Putting transport in its place: paradoxes in transport policy
My perspective is that of a town planner who, by accident, became a transport planner as well about 35 years ago. For 25 years after that I was responsible for both planning and transport policy for local authorities in major conurbations (Newcastle, Tyne & Wear and Birmingham). Since then I have worked as a consultant in both fields, and have dabbled also in political advising.
The rhetoric of ‘integration’ has been common currency throughout this time, but I have found myself engaged in what seems like a perpetual struggle to bring these two fields more closely together. Truly, engineers are from Mars and planners are from Venus!
This lecture presents some of the more curious paradoxes in UK transport and town planning that I have encountered while trying to ‘put transport in its place’. Examples include:
Though the effects of transport on patterns of settlement and activity are big enough to be visible from space, they play almost no part in transport decision-making;
While reducing congestion is the main aim of road investment in the UK it is doomed to failure, as congestion will always return (unless there is no economic case for the road!);
Economic evaluations of transport investment are driven by bottom-up considerations, but decision-making on priorities is almost exclusively top-down;
Co-locating jobs and houses is the main way that planners try to reduce the amount of travel; but while reducing the need to travel this has little effect on the propensity to do so;
‘Free’ roads have produced many of the perverse results we now see, but road pricing could easily make matters worse;
Non transport measures may be more effective than transport in dealing with congestion (and transport decisions can have some surprising results outside their remit).

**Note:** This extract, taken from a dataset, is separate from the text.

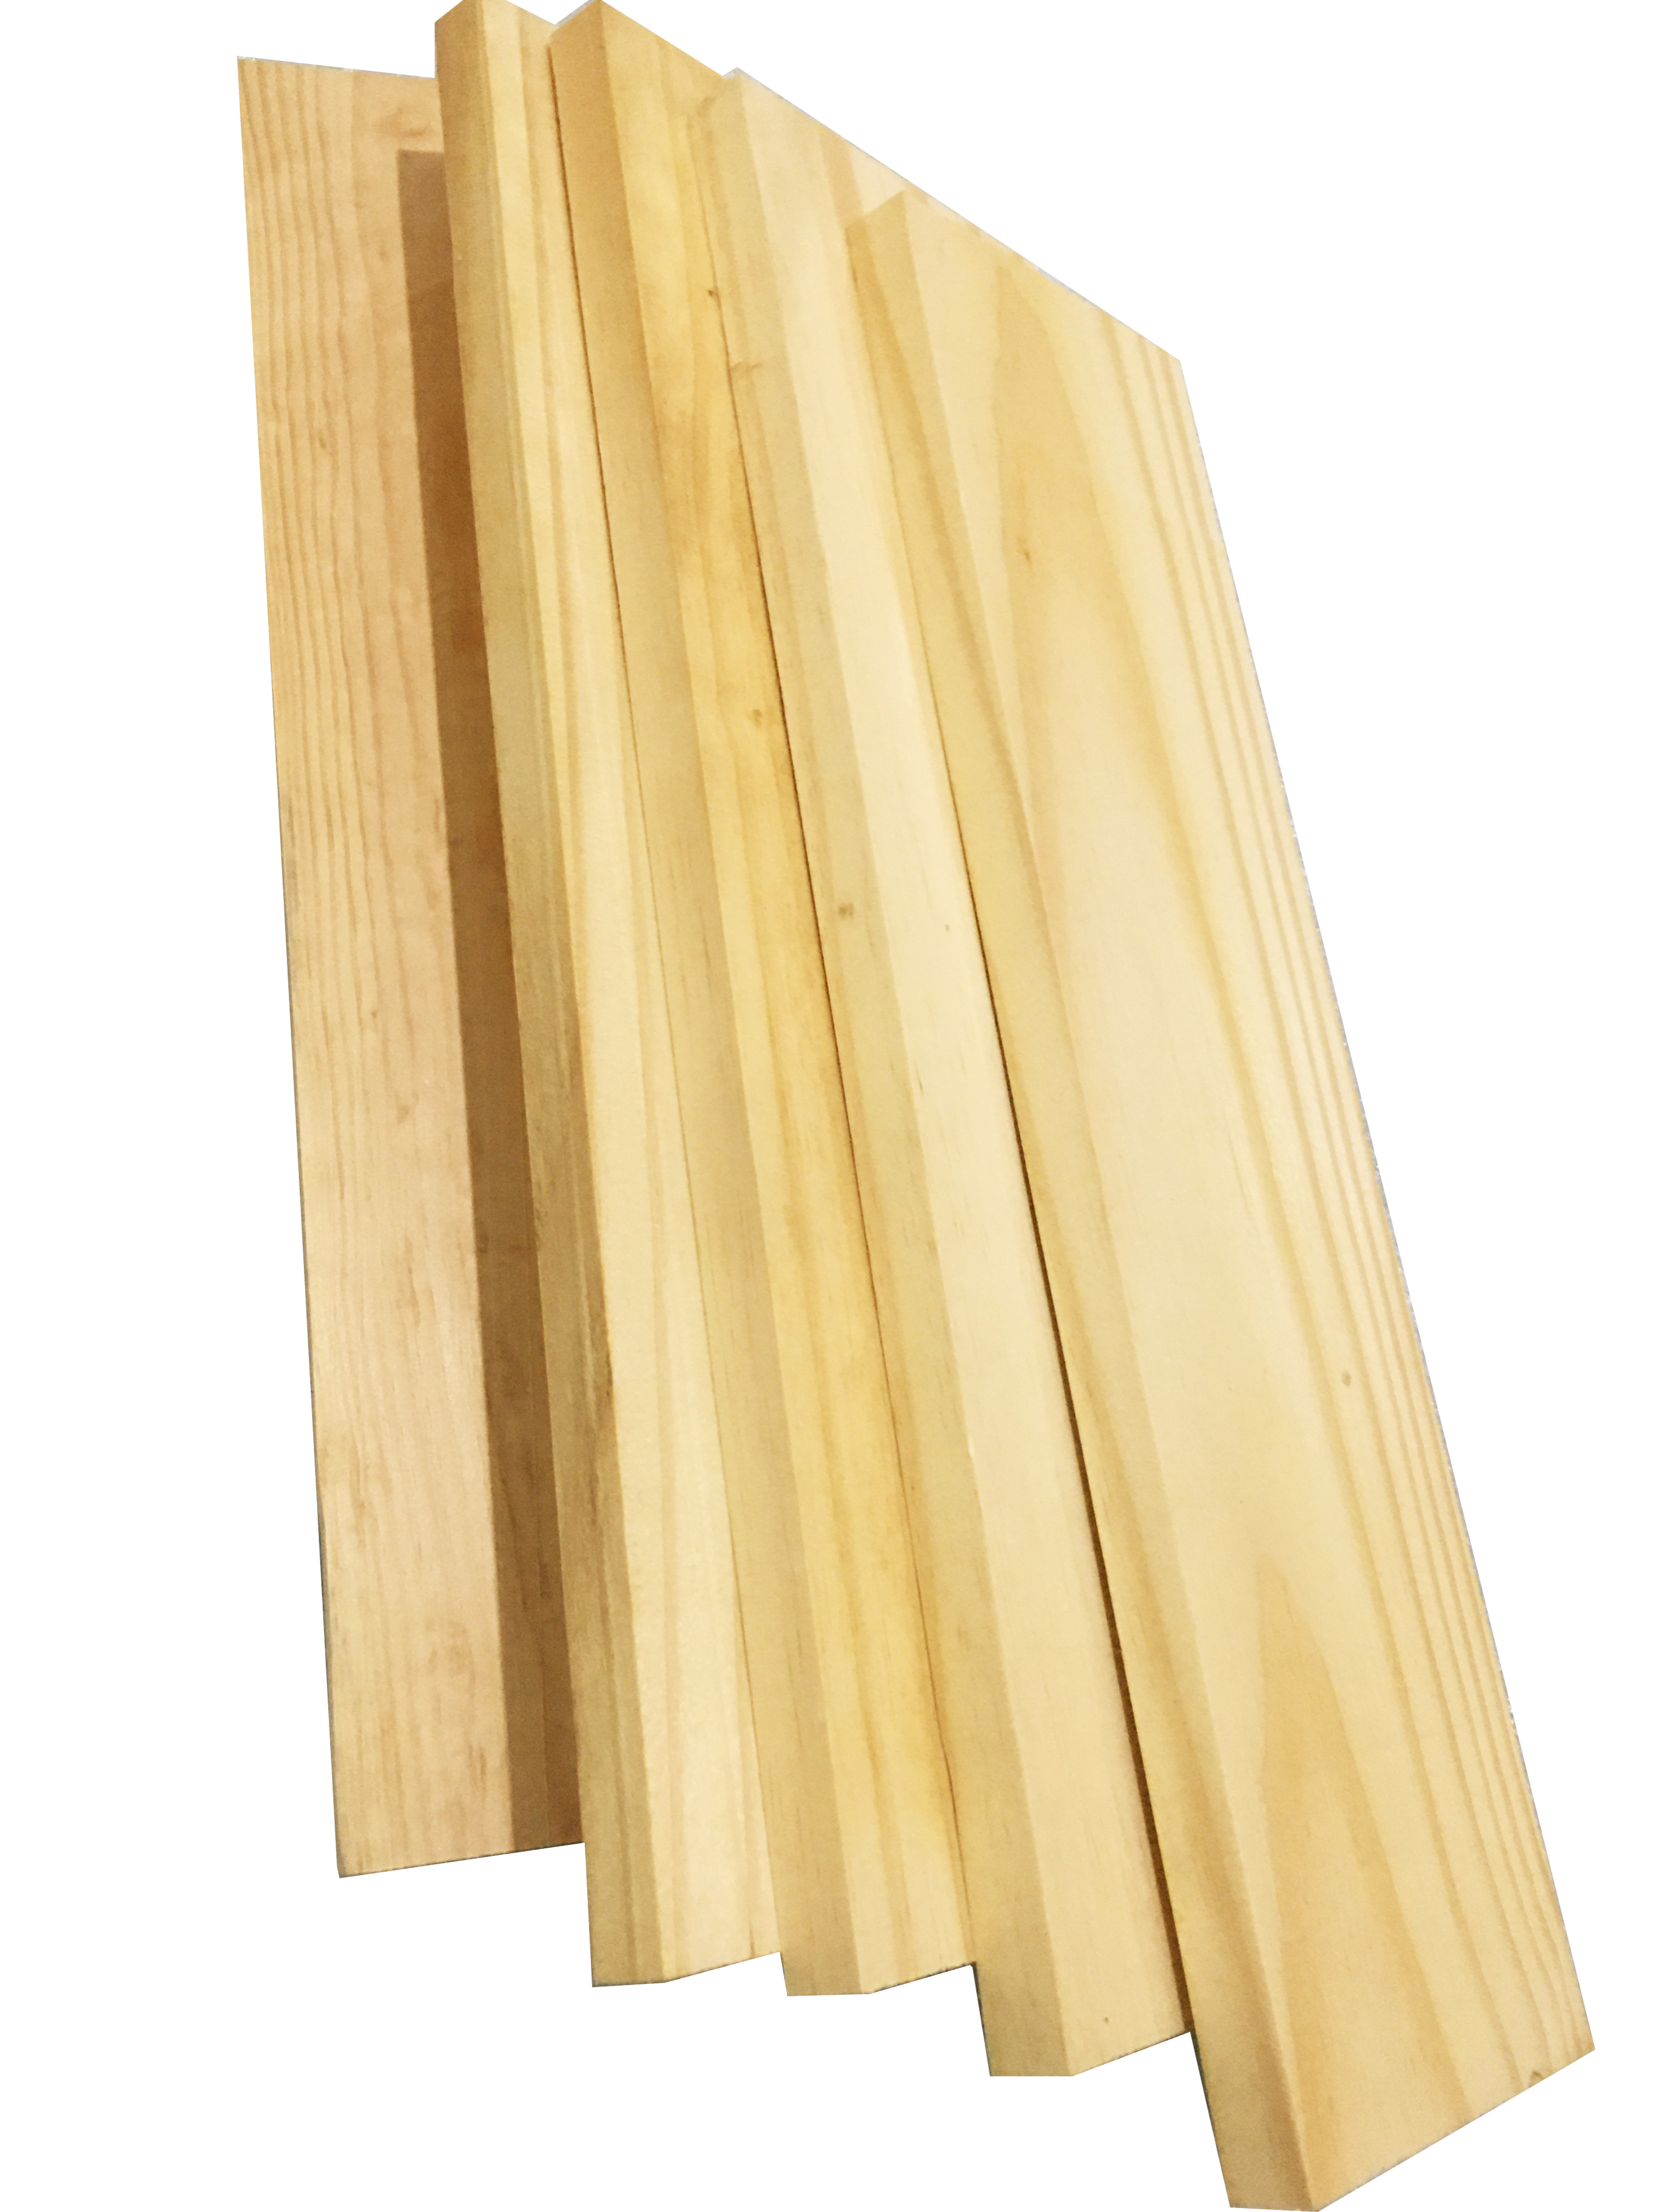 Bó 5 thanh gỗ thông đẹp dài 40cm, rộng 9cm, dày 1.2cm dùng làm kệ, ốp tường, trang trí, decorde

While this will be presented in a fairly light-hearted way, there is a serious underlying purpose. The Stern Report on the economic consequences of climate change presents a particular challenge to the transport planner because transport is one of the largest and fastest growing sources of greenhouse gases. This is compounded by the unhealthy dependence of transport on fossil fuels which are increasingly scarce and hotly disputed.
I hope to persuade planners, engineers and economists that we all need to be open to new perspectives, and to work more closely together if we are to have any hope of resolving these issues.